With the proliferation of knowledge claims there is a tendency to deprive science of its context, nuance, and complexity. When this happens the ability to appropriate or simply deny scientific knowledge becomes much easier. The rise of misinformation and conspiracy theories available online and on social media compete with knowledge claims from experts. Alexandra Roginski from Deakin University spoke about her research on ‘Conspirituality’ and how deep social rifts have been created through questioning the seriousness of Covid-19. Roginski provoked us to consider the historical precedence of misrepresenting science and attacking of scientific consensus.  These are not new phenomena and have a history within the campaigns of the tobacco lobby. From a public facing perspective, epidemiologist Catherine Bennett from Deakin University discussed her role in communicating epidemiology expertise with the media. She stressed the importance of starting conversations and figuring out what information people have. She clarified that some people unknowingly spread false information while others may do so on purpose. A sympathetic and informed position can enable dialogues which convey enough complexity to explain key ideas and communicate effectively. 

As the symposium continued, the role of the educational institution became a key focus. Centring on the curriculum, Mark Rose from Deakin University discussed the impact science and policy on indigenous Australians. He advocated for a curriculum that balances the many facets of modern Australia and equips children to deal with competing worldviews, allowing a nimbleness of mind to see different perspectives, yet remain anchored at the same time. Focusing on the university, Tamson Pietsch (University of Technology Sydney) used a framework of ‘publics’ as she acknowledged that universities are deeply dynamic and political in nature. She placed climate change at the centre of the issues around which publics must come together to bring demands on governments and institutions. Student and broader educational publics can act to meet the challenges facing universities, the educational sector and, to an extent, help shape society at large. 

Finally, it became clear that tackling eroding trust in science is not just a job for ‘the scientists’, although it is often presented as such. The latest reform to higher education illustrates how STEM values have been favoured above critical thinking and creativity offered by the humanities. However, as Joy Damousi from Australian Catholic University explained, the collaborative skillsets of both STEM and HASS are required to tackle global challenges.

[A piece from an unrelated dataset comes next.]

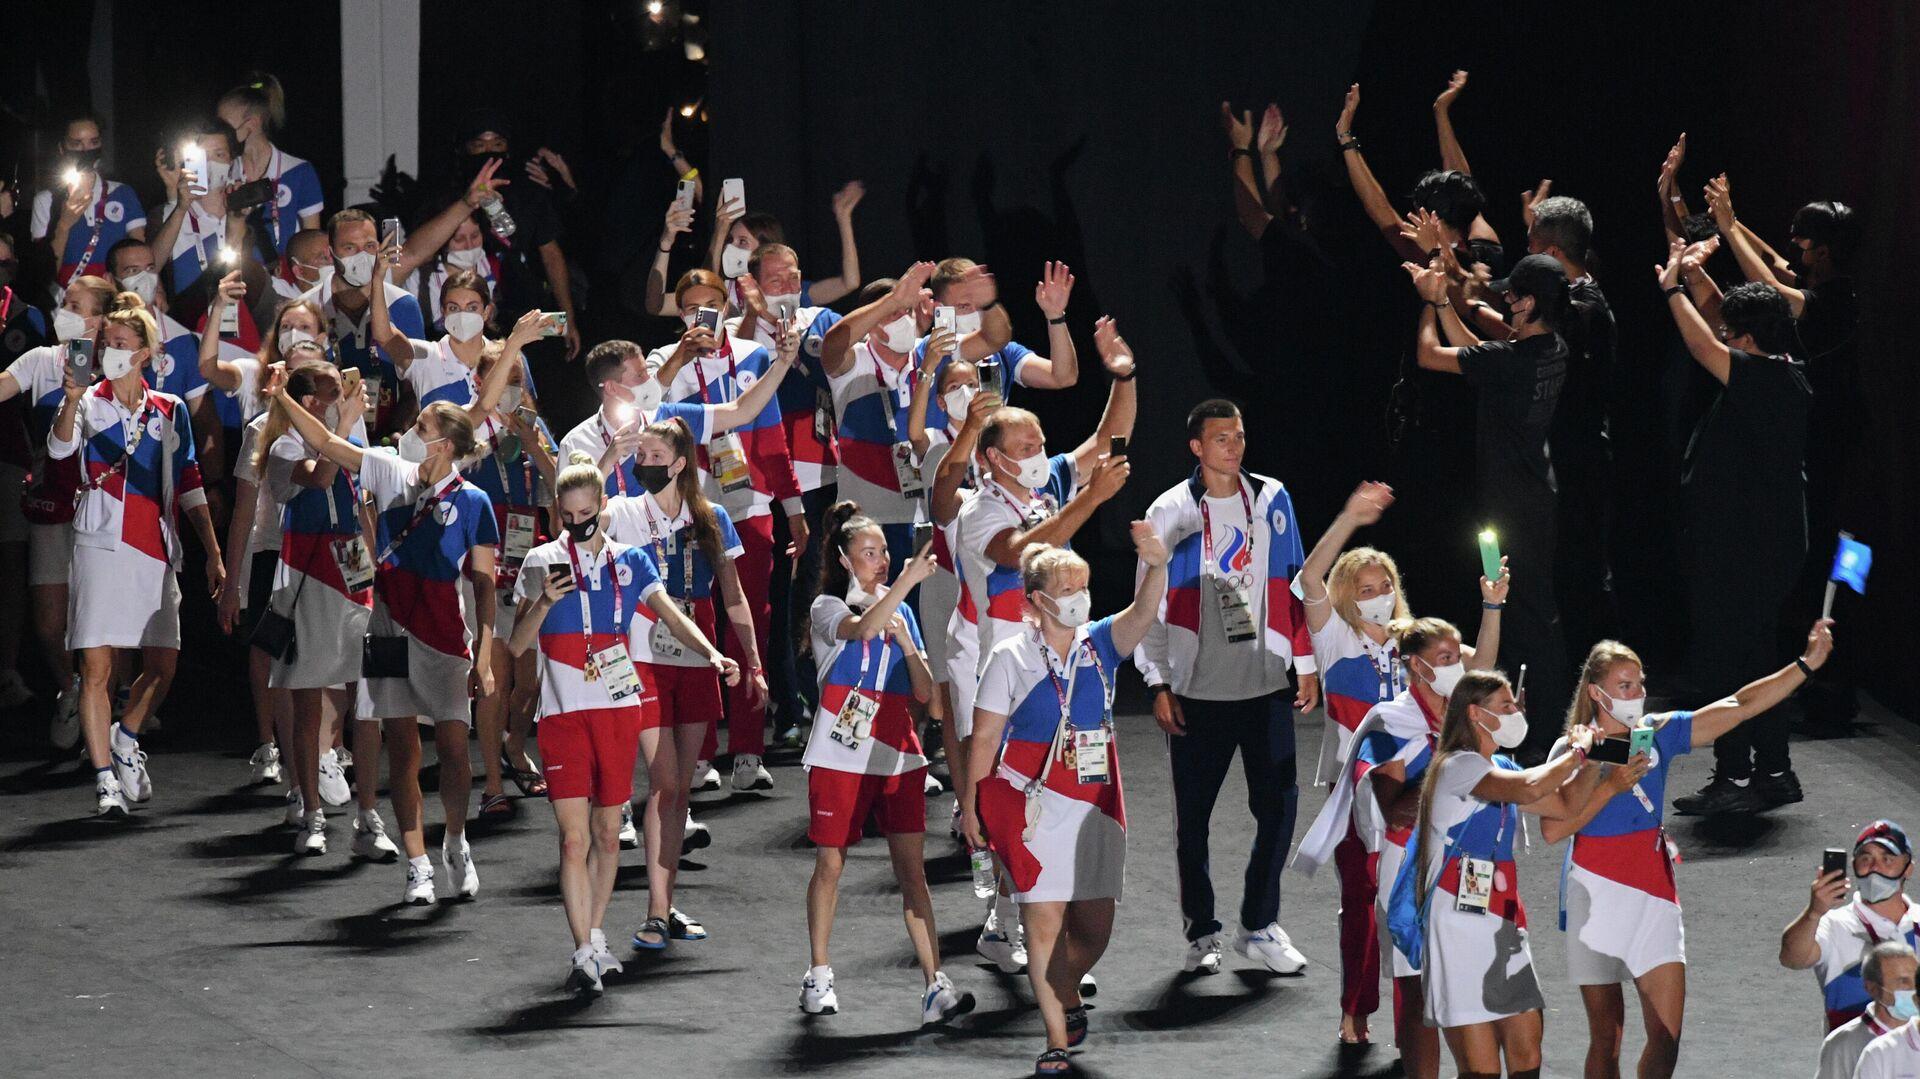 Российские спортсмены, члены сборной России (команда ОКР) во время парада атлетов на торжественной церемонии закрытия XXXII летних Олимпийских игр в Токио на Национальном олимпийском стадионе - РИА Новости, 1920, 27.08.2021
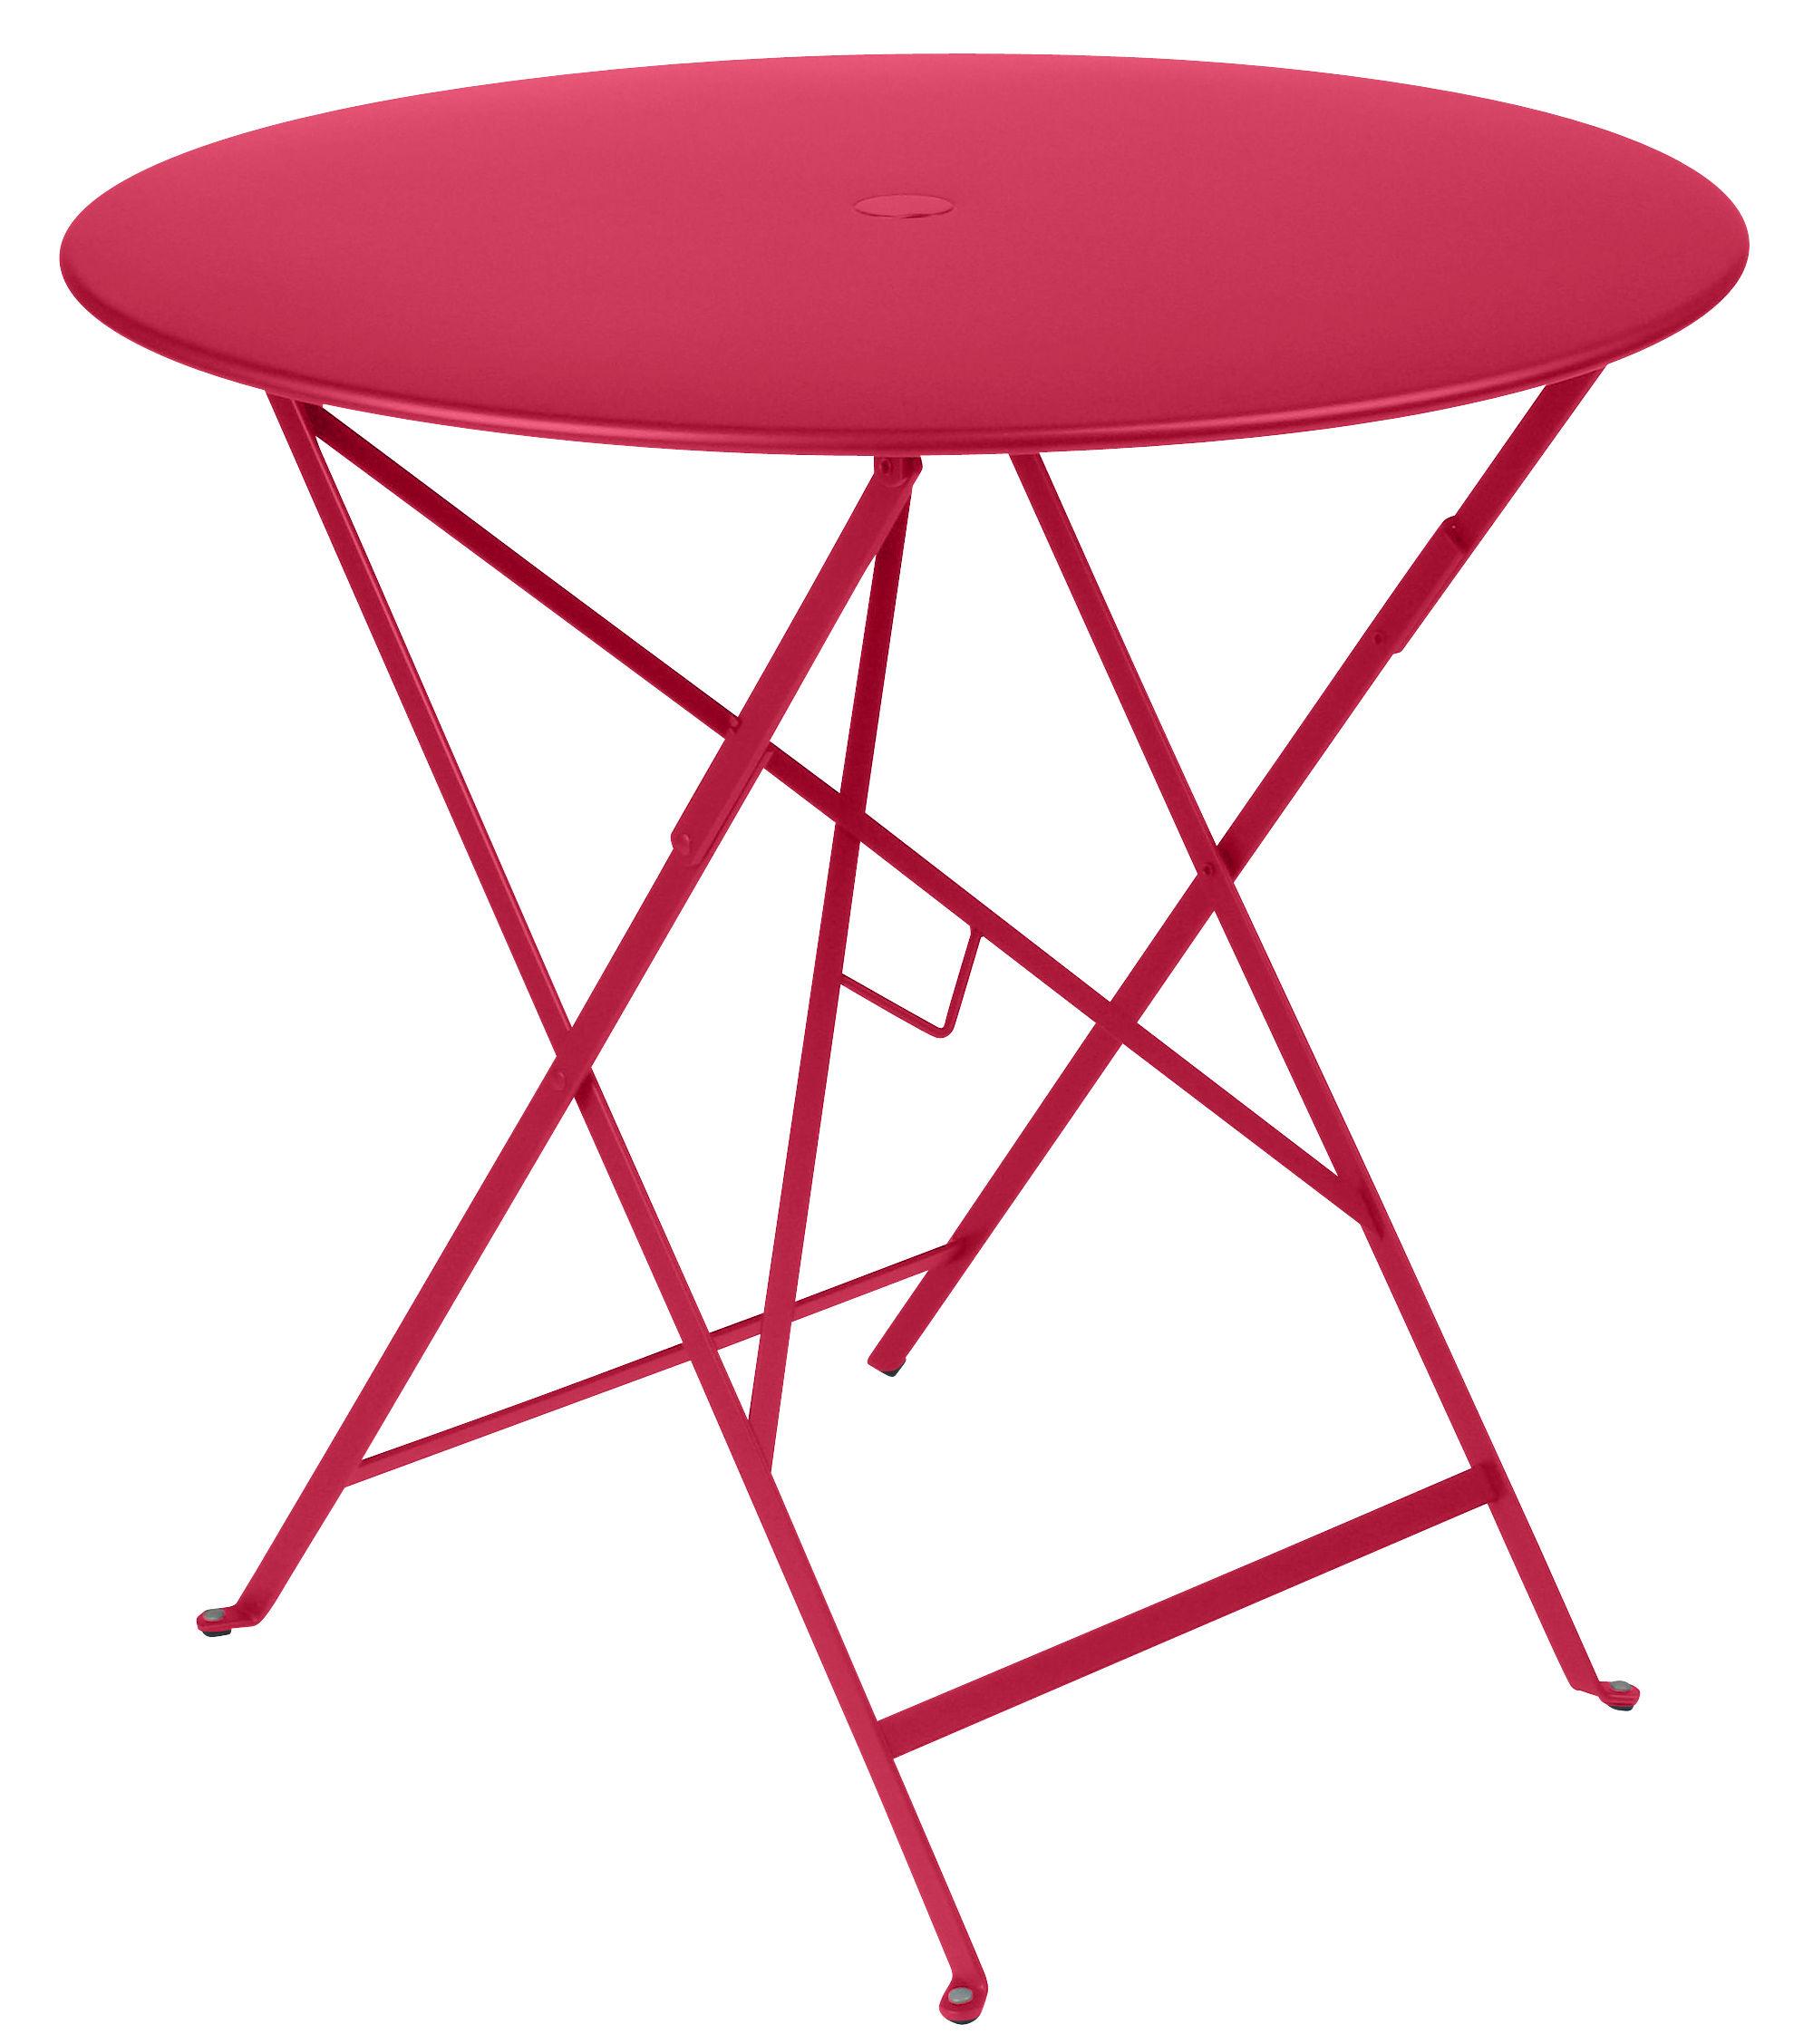 Outdoor - Tavoli  - Tavolo pieghevole Bistro - /Ø 77 cm - Foro per parasole di Fermob - Rosa pralina - Acciaio laccato

The so called ‘divide’ between the two areas of knowledge is complicated and nuanced. Glenn Withers, Professor of Economics, Australian National University argued that there is value in all forms of knowledge. In particular, he suggested that holistic knowledge offered by indigenous knowledge systems may provide a way forward to work across disciplines and should be developed and institutionalised as an additional learned academy. 

With the threats of climate change and Covid-19 playing upon our collective psyche, grappling with the issues of science, society and the Australian state is a critical task. So where do we go from here? The symposium debating the nexus of science, society and state has helped advance a set of critical debates. Tackling vaccine hesitancy and climate change is an interdisciplinary task, which requires educators and researchers to think critically and creatively. Educators, researchers, and institutions play an important role in forming publics and taking a stance. The role of nuanced, yet clear communication is required to spread accurate knowledges against a plethora of information to prevent misunderstandings and gain trust. Finally, taking different knowledges into account, such as indigenous knowledges, may offer us a way forward in facilitating holistic and interdisciplinary work to take on the developing challenges we collectively face. 

Natasha Rooney (Deakin University) is a PhD Candidate at the Alfred Deakin Institute of Globalisation and Citizenship, Deakin University. Her research is on the circulation of epigenetic and postgenomic models of life in the Global South.